=== Action item ===
Only a slice of the listing below is wanted. Retype the lines from the one containing "A month with" through the one containing "Roofs, roomies, and", exactly, both ends included.

=== Provided records ===
※
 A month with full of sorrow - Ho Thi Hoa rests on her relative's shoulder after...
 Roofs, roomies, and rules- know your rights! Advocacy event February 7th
※
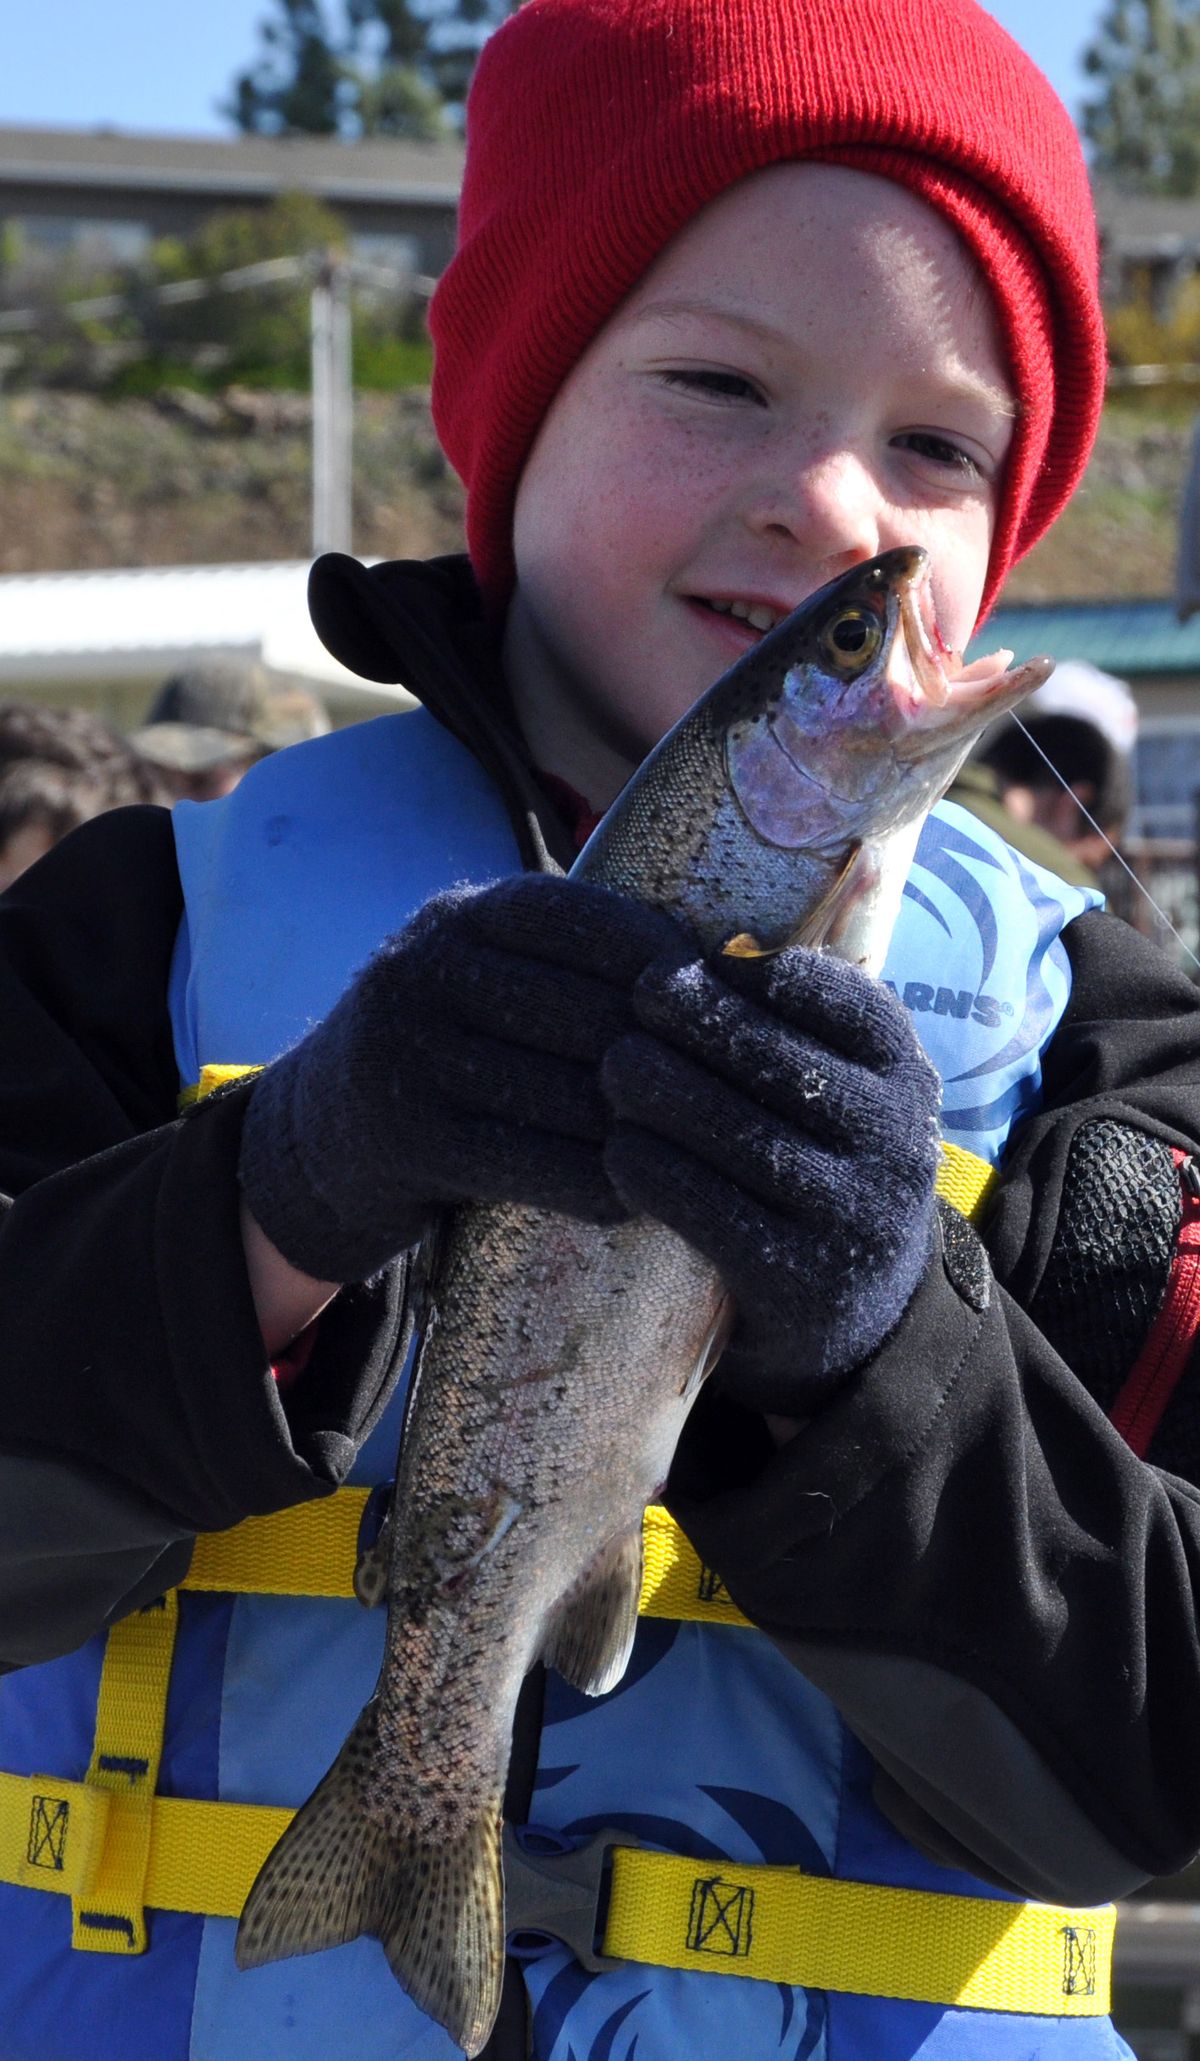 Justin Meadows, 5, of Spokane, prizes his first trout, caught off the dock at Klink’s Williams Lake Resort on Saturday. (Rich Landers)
※
=== Finished exercise ===
 A month with full of sorrow - Ho Thi Hoa rests on her relative's shoulder after...
 Roofs, roomies, and rules- know your rights! Advocacy event February 7th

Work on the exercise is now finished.